If you trust the Google empire to your email, at least download Thunderbird and synchronize a copy on your hard drive through IMAP. I know I do. Gmail has lost email before. Who knows what could happen to yours?

This is just one step to claiming ownership of your life. When you give up your power, you give up your freedom, even if it’s in the name of convenience or safety. If you’re stuck renting an apartment, save up for a down payment on a house, even if you have to give up cable TV or air-conditioning or phone service. Don’t let the cycle continue. Be independent, take back your power.

Write Concisely

New Year’s Day. A time to make commitments for self-improvement and then break them a week later. I have one I’m going to keep.

My resolution is to speak and write concisely and correctly. While filler and disfluencies are excusable in speech, in print they are intolerable. Rewriting is writing, so the standards are higher because you can polish your work easily. “Kinda,” “sort of,” “like,” “more than,” and “less than” have no place in writing. If I ever use “in all circumstances that I know of,” yell at me to replace it with “always.” More examples:

• Don’t say “America has over 300 million people,” say “America has 300 million people.” We know what you mean.

• Use “always” and “never.” English is a language for humans, not computers—treat it as such. If you are wrong, plenty of people would love to correct you.

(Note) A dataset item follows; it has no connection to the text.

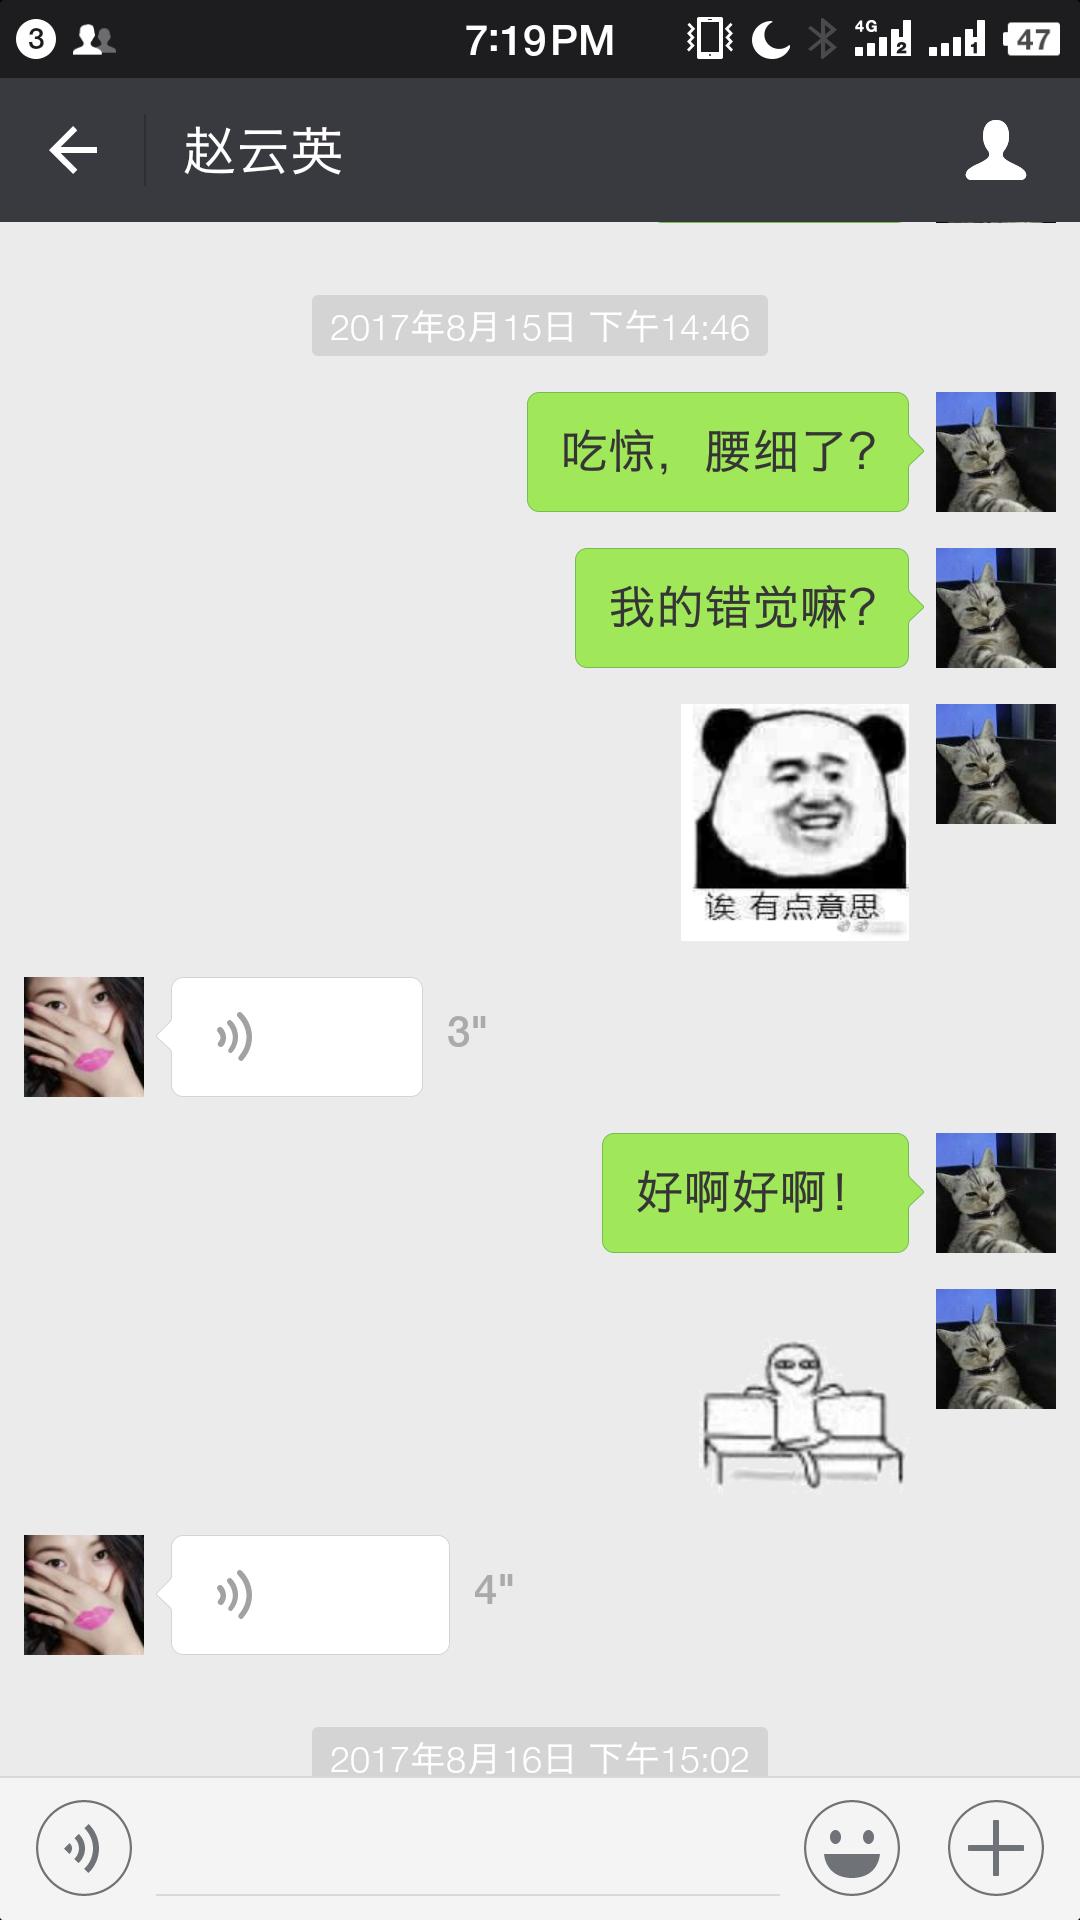 Screenshot_2018-01-04-19-19-57-447_微信

• We have plenty of words already; don’t make new ones up. “Servers” are waiters and waitresses. A “chair” is a chairman or chairwoman. Unless you are referring to a woman or women specifically, he, waiter, and chairman will do just fine. Don’t use they in place of he; it’s imprecise and dehumanizing. Gender inclusivity is a crock.

• Don’t use “special” to describe the retarded. It takes away from people who really are special.

• All our jungles have disappeared and been replaced with rainforests, while all our swamps have become wetlands. How did this happen?

• People are not sewers! Have a little respect for our tailors and seamstresses.

A lot of the Newspeak doesn’t even make sense. What is a “flight attendant” anyway? I know what a steward is (female: stewardesses), but isn’t a flight attendant anyone who has ever been on (attended) a plane?

English is losing its humanity. Don’t let them steal our language.